YABU but you are pregnant so completely allowed to be! Just look after yourself and your baby, you will look back and see this for yourselves in years to come but I was exactly the same, especially after all you have been through this baby is incredibly special to you and everything seems a huge deal. You are lucky to have a lively MIL though .

Italiandreams · 17/04/2020 14:30

Lovely not lively!

LightDrizzle · 17/04/2020 14:32

I also agree with others that your referencing comfort eating chocolate reads as though you are wanting to keep it light, so she wouldn’t read it as a plea for a heart to heart.

NancyJoan · 17/04/2020 14:32

PS. To that, my MIL would have replied, "Not too much chocolate, you don't want to have a load of weight to lose afterwards!", so count your lucky stars!

LIZS · 17/04/2020 14:32

What did you want or expect her to say? Maybe a conversation rather than text might give you a better sense of their level of interest and concern. Tbh you are rather oversharing the details now, especially given recent reticence. I suspect they may be as confused as pp.

Mummyoflittledragon · 17/04/2020 14:33

What your mil said was fine. It sounds as if it wasn’t what you were looking for. However that is not her responsibility. It’s very difficult to support your dil, I imagine, without seeming to be overbearing. There’s a fine line between going ott and perceived indifference. She has captured it well, I think. It sounds as though maybe you wanted a bit of comfort and mummying.

I also use this emoji to means hugs. I was surprised by the comments. In origin, this is a hug emoji and also to also represent jazz hands because Of the gesture. .

Mil text reply. Aibu?
Mil text reply. Aibu?
saraclara · 17/04/2020 14:35

If you want her to have empathy for you, you need to show some empathy for her, too.

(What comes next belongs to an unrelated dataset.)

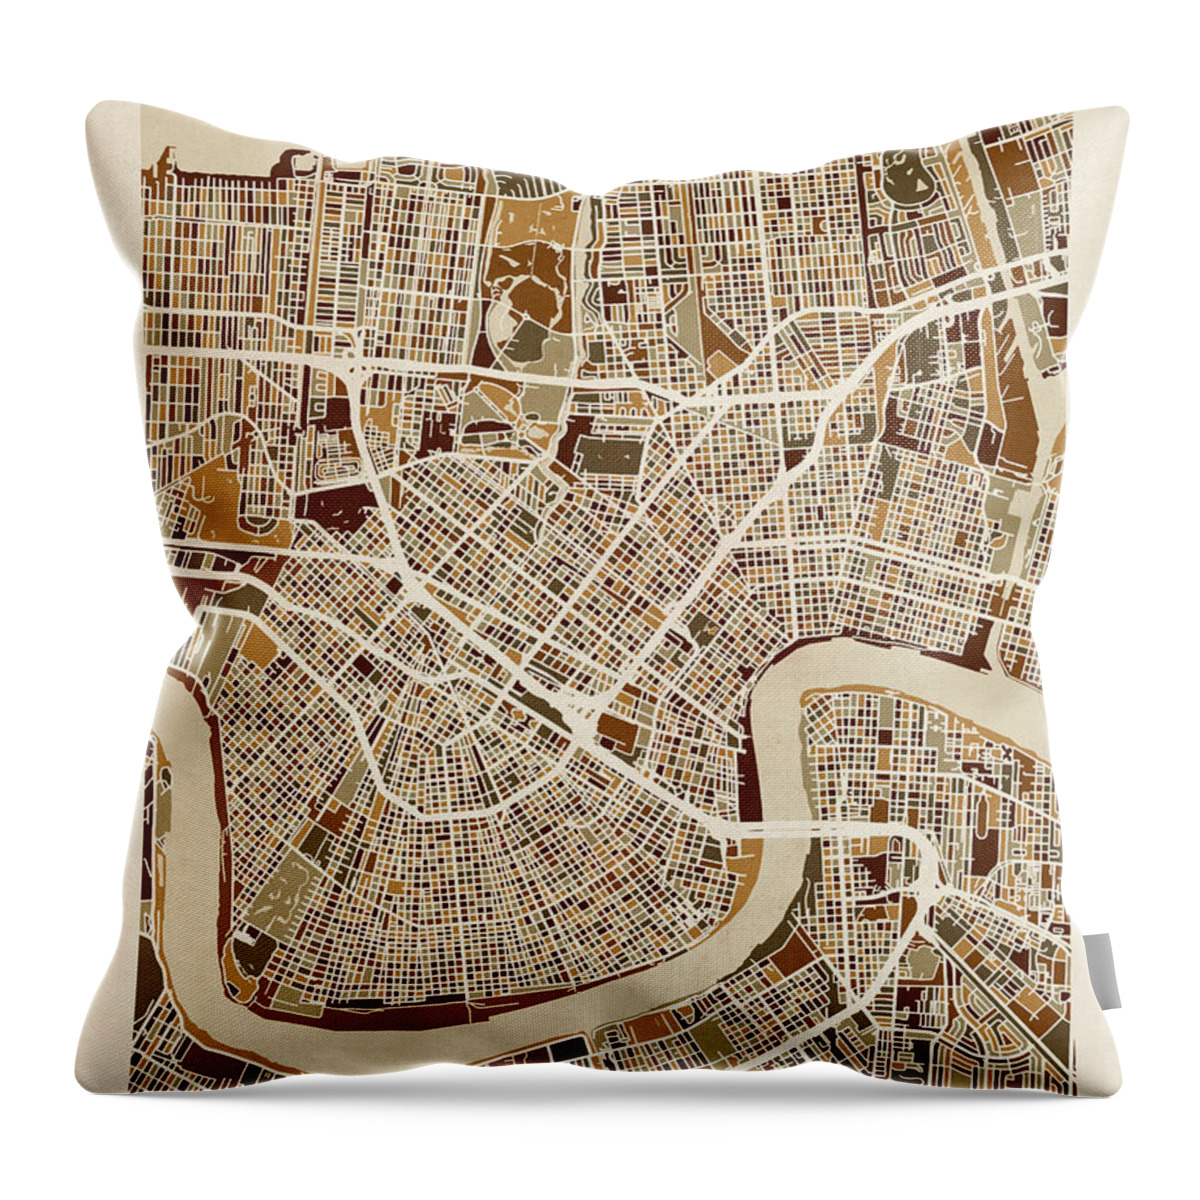 Street Map Throw Pillow featuring the digital art New Orleans Street Map by Michael Tompsett

She's not your mother. She doesn't know you well enough to be able to read your mind. She's aware that there are some things that you don't like people saying, and so she's very aware that she might make a similar mistake. She's going to be a bit on edge. Also you really did go with some very personal information that took her back a bit, and which she didn't quite know where to go with.

So instead she did pretty much the best she could think of and was upbeat but caring and sent a hug. I think she did great.
And please don't go expecting too much of her when the baby arrives. Same applies. You'll know what you want, she won't, and she'll be terrified of putting a foot wrong.

Hidingtonothing · 17/04/2020 14:35

I would have agonised over that text in your MIL's shoes, typed and deleted half a dozen times and probably ended up with something similar in an effort not to say the wrong thing. Even if she hasn't got the tone quite right for what you feel you need right now I think she's trying and you should probably cut her some slack.

I also think you will struggle to get others to see what you perceive as 'wrong' in that message and you need to think about the impact on those relationships of you making a big issue out of it. You have enough on your plate atm, let this one go Flowers

motherheroic · 17/04/2020 14:35

You've already told her what the next steps are. So how can she ask a question you've already answered. Come on now.

Nurse1980 · 17/04/2020 14:37

Nothing wrong with her reply.

rayoflightboy · 17/04/2020 14:38

It reads to me that MIl is worried but doesnt want to put that on you,so she sent a generic reply.

Maybe she was still trying to take it in and thats the best she could come up with.

I hope everything goes well for you @Lalla525.Sending [hugs] at this trying time.